List of Studio Albums with selected details
| Title | Details |
|---|---|
| Sula Bulungi | Released: 2011; Label: Independent; Formats: Digital download; |
| Genda ewamwe | Released: 2013; Label: Independent; Formats: Digital download; |
| Kyokoba | Released: 2014; Label: Maro Entertainment; Formats: Digital download; |
| Kamboyine | Released: 2015; Label: Independent; Formats: Digital download; |
| Atwooki | Released: 2016; Label: Independent; Formats: Digital download; |
| #89gooddecision | Released: 25 April 2018; Label: Independent; Formats: Digital download; |
| Departures | Released: 2020; Label: Magada Ronald; Formats: Digital download; |

==Early life and educational background==
Maro was born in Buwolero village, Kagoma Sub-County in Jinja to James Magada and Janet Babuleka.

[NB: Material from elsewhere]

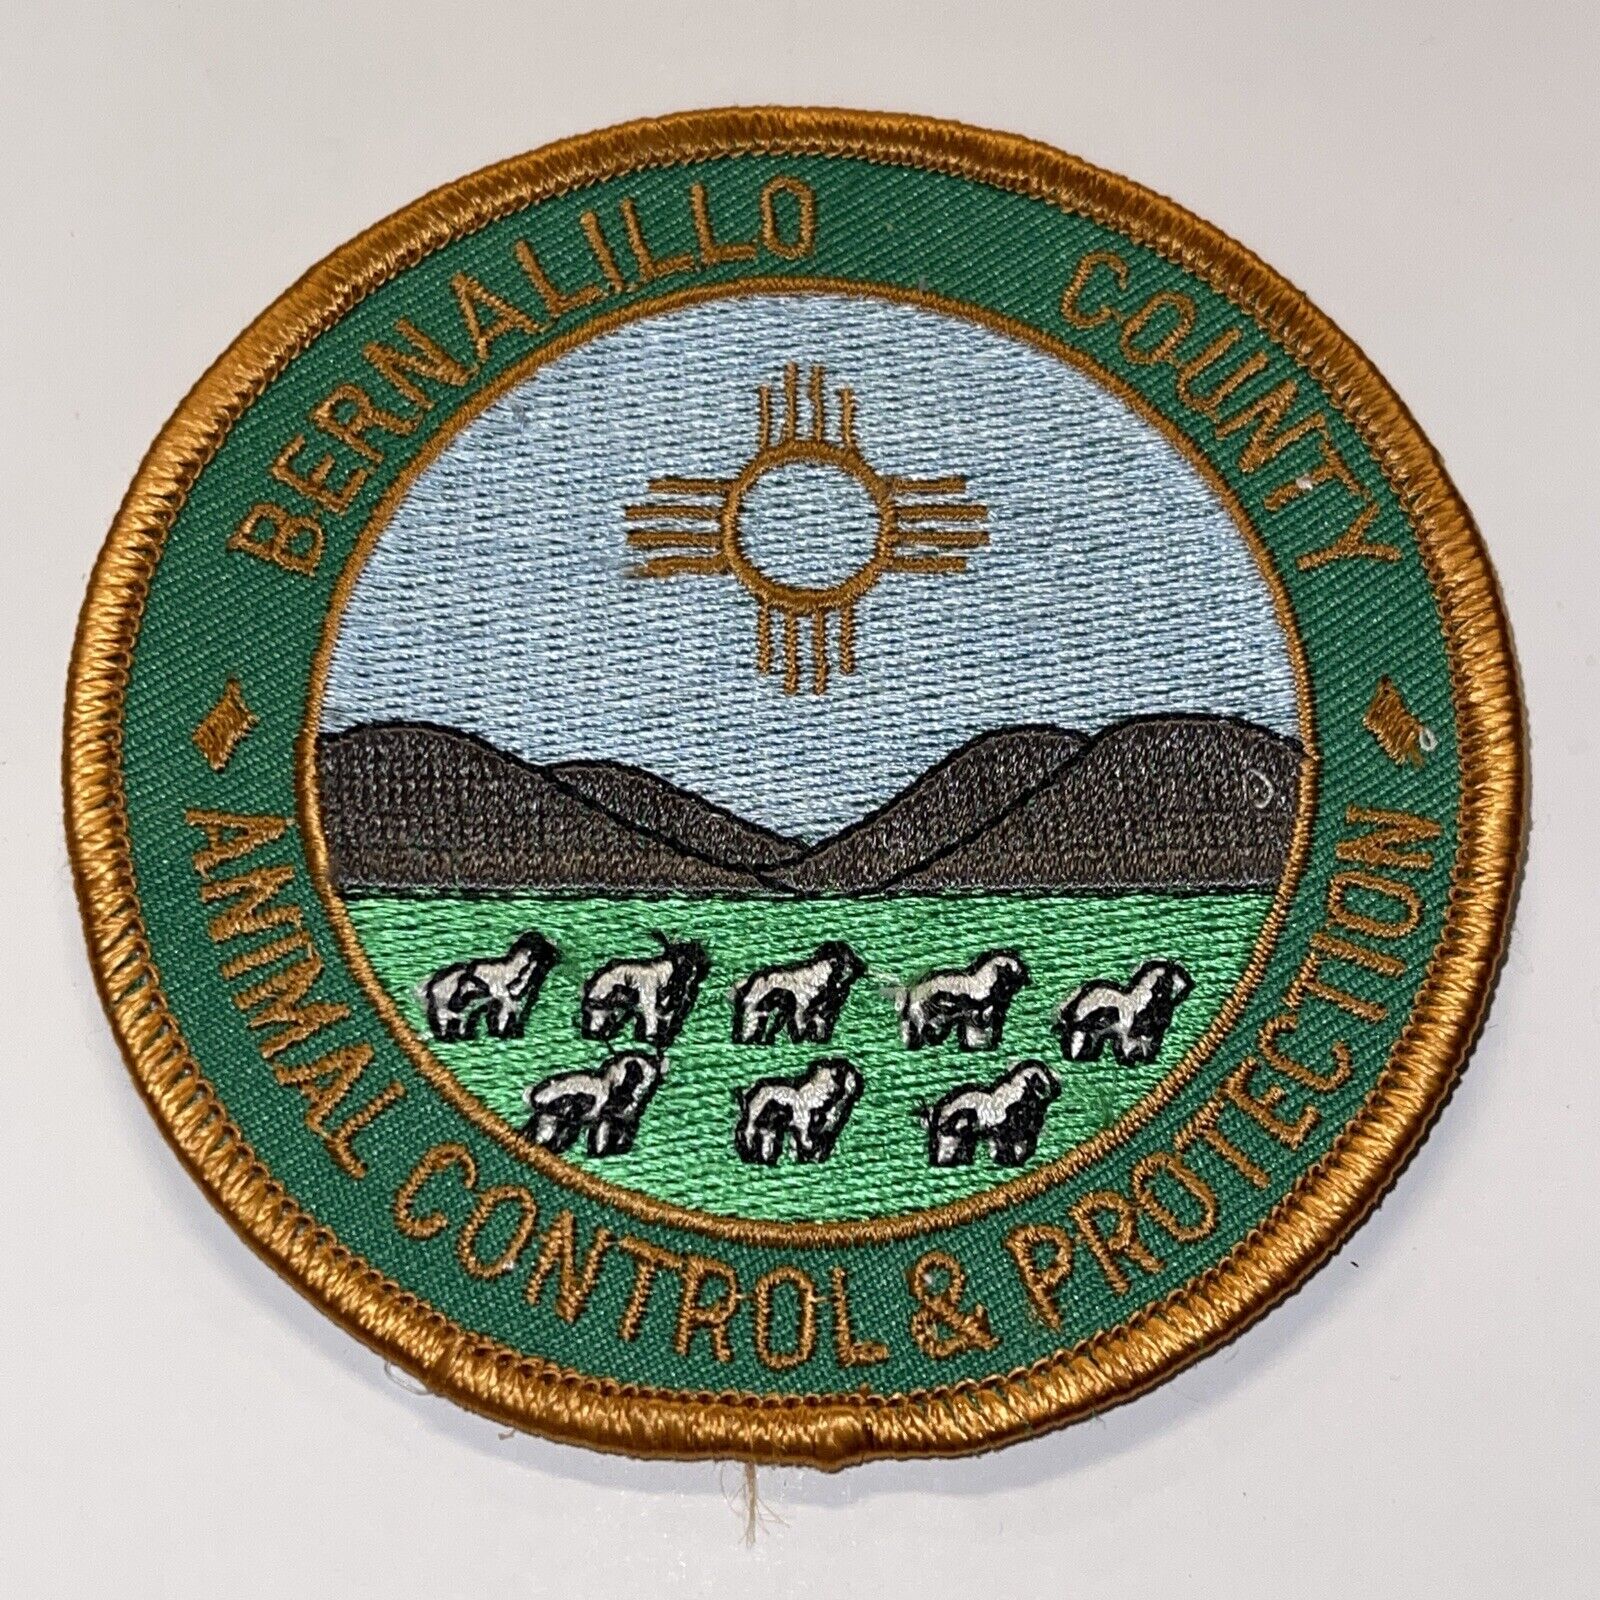 OLD OBSOLETE BERNALILLO COUNTY NEW MEXICO SHERIFF PATCH SHOULDER ANIMAL CONTROL

His father serves in the Uganda Police Force. He is the eldest of 13 children. Maro attended Nsambya Barracks Nursery School, joined St. Peter Nsambya Primary school, did his PLE at Bupadengo Primary School in Kamuli District, White Land College (currently known as Seroma College) for one year and later joined Light College Mukono doing his UACE. Buloba High School where he sat for his UACE 2006. In 2015, Maro graduated from Makerere University with a bachelor's degree in Development Studies.

==Honors==

| Year | Award | Category | Nominee(s) | Result | Ref. |
|---|---|---|---|---|---|
| 2015 | Uganda Music Awards | Best AfroPop Song | Nzirango | Nominated |  |
| 2015 | Uganda Music Awards | Best Regional Artiste | Central | Won |  |
| 2016 | HiPipo Awards | Best Hiphop Song | Eh Mama | Won |  |
| 2016 | HiPipo Music Awards | Best R&B Song | Addicted | Won |  |
| 2016 | HiPipo Music Awards | Best Afrobeat Song | Kamboyine | Nominated |  |
| 2019 | HiPipo Music Awards | Best RnB Song | Nsiima ft. Remah | Nominated |  |
| 2020 | HiPipo Music Awards | Best RnB Song | Anjagala | Nominated |  |

==Community works==
He is an active member of VIVA CONAGUA (an international NGO based in Germany) providing clean water, promoting sanitation and proper hygiene through art and sport. He has worked with Uganda Hands For Hope Namuwongo, Uganda Women Cancer Support Organisation, Inter Aid on Refugees and Plan International (Uganda) with emphasis on empowerment of girls.